The migration of contaminants though the environment can be retarded by various processes – one of them being sorption onto mineral phases along the flow paths. This process is itself a variable combination of surface complexation, ion exchange, surface precipitation, diffusion and others. However, the data accuracy is currently still limited due to a restricted understanding of molecular events decisive for the binding onto and incorporation into solid phases. In particular, underlying surface speciation is often inconsistent and range from assumed unrealistic postulations up to spectroscopically evident species with great impact on the corresponding thermodynamic data. Respective mechanistic models required for prognostics based on reactive transport are often lacking an evaluated, consistent set of species and thermodynamic parameters. This work provides answers to these problems.

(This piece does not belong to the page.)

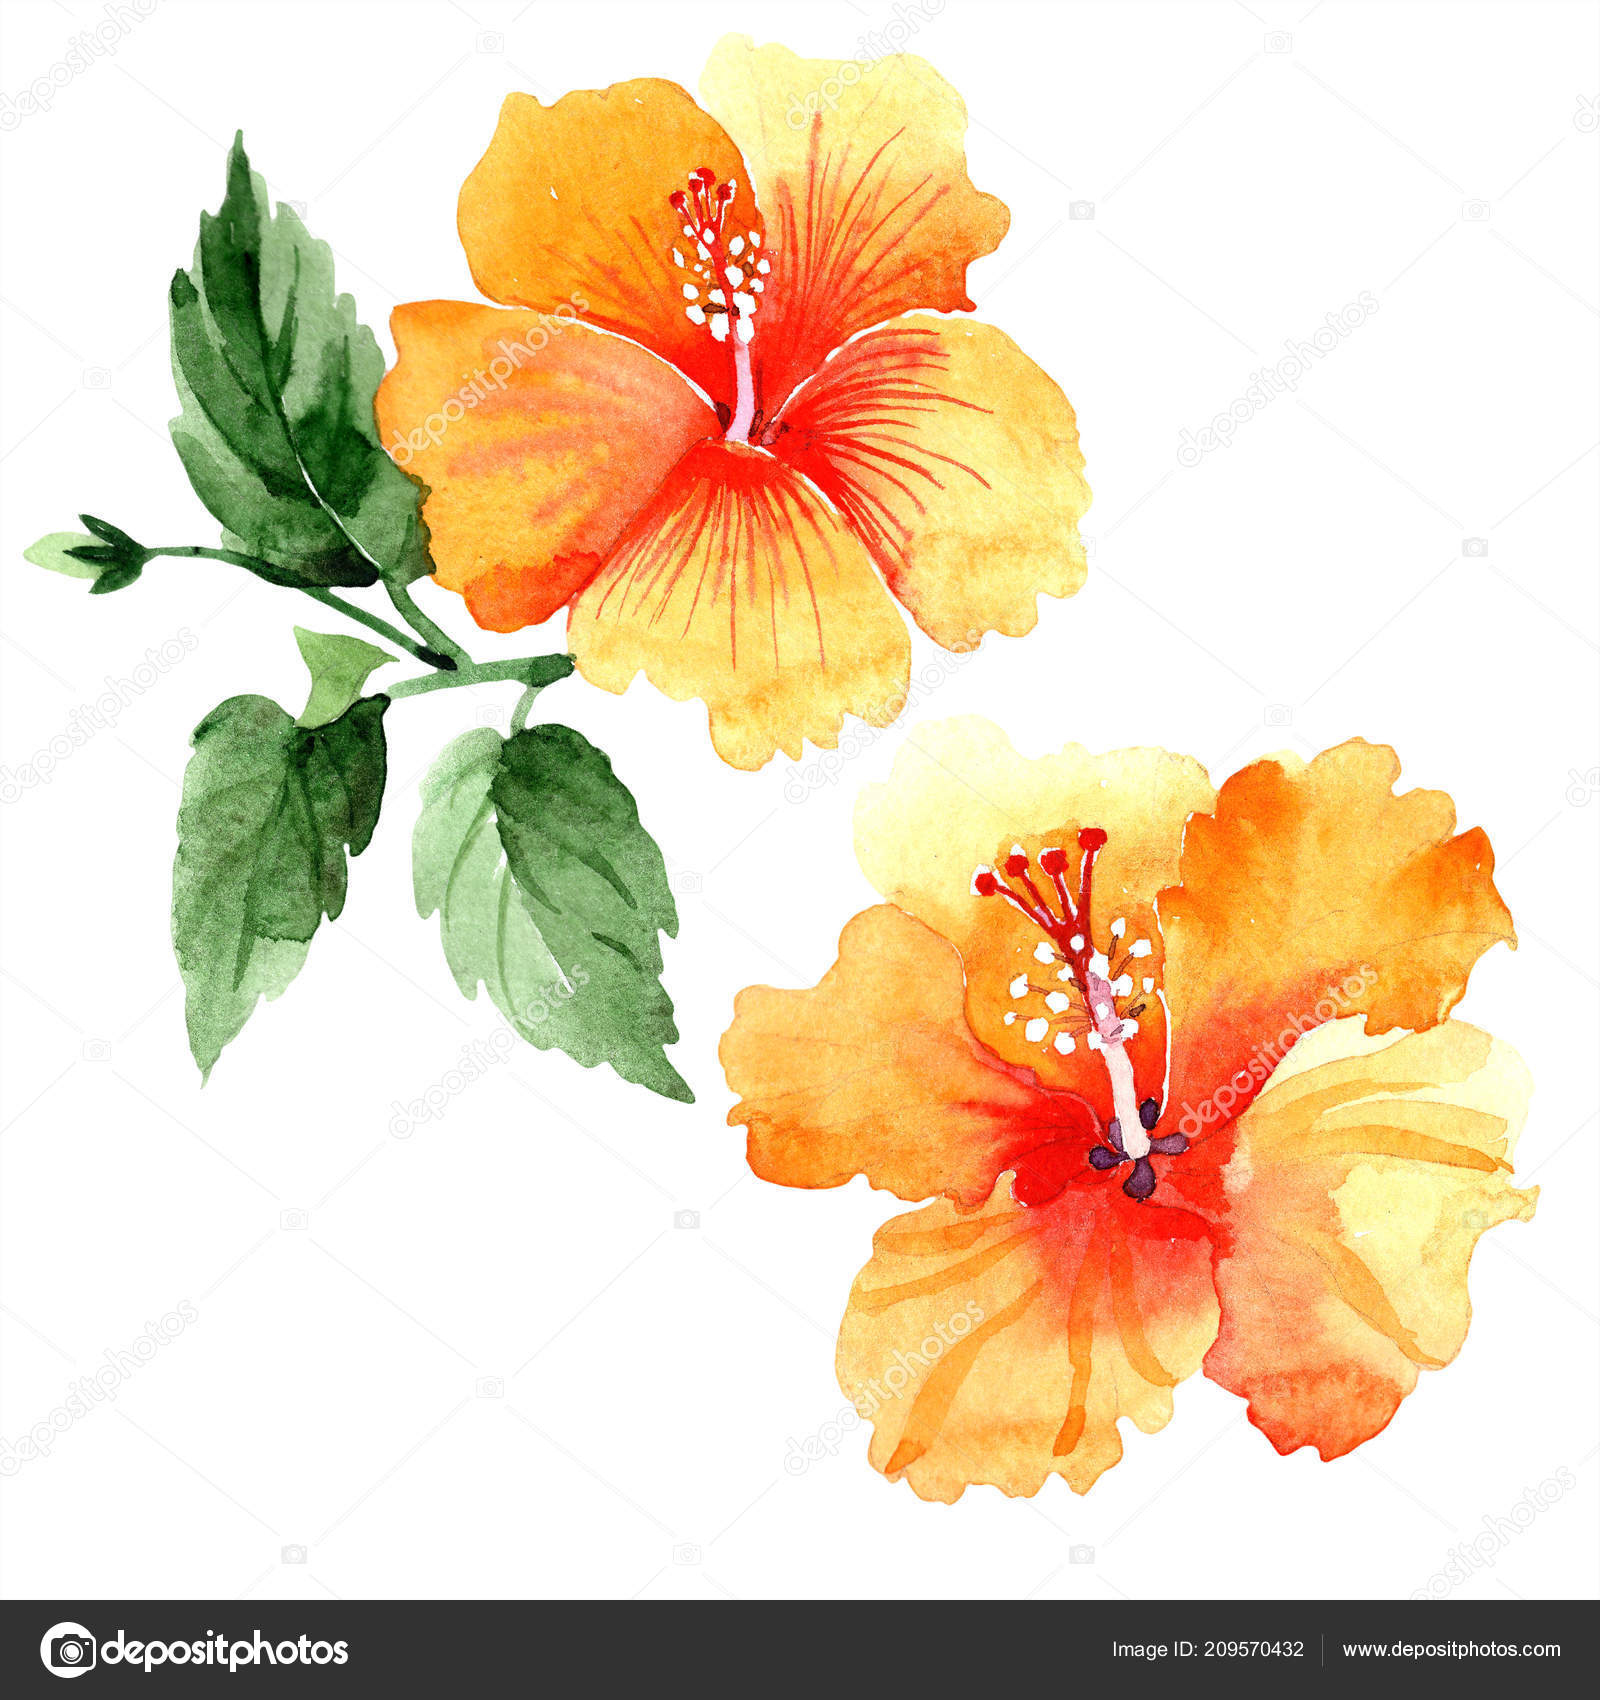 Watercolor Orange Naranja Hibiscus Flowers Floral Botanical Flower Isolated  Illustration Stock Photo by ©MyStocks 209570432

Recently, surface-sensitive spectroscopic methods developed significantly, permitting the derivation of thermodynamically consistent sorption data sets. In combination with binding site densities (including ones from crystallographic measurements), surface complexation models are deduced that describe the sorption of radionuclides accurately and with less surface species then assumed in a vast number of literature references published in the past. Due to the realistic surface speciation and the internal consistency, these models are more robust to varying chemical and environmental conditions (pH, pe, composition of the aqueous phase).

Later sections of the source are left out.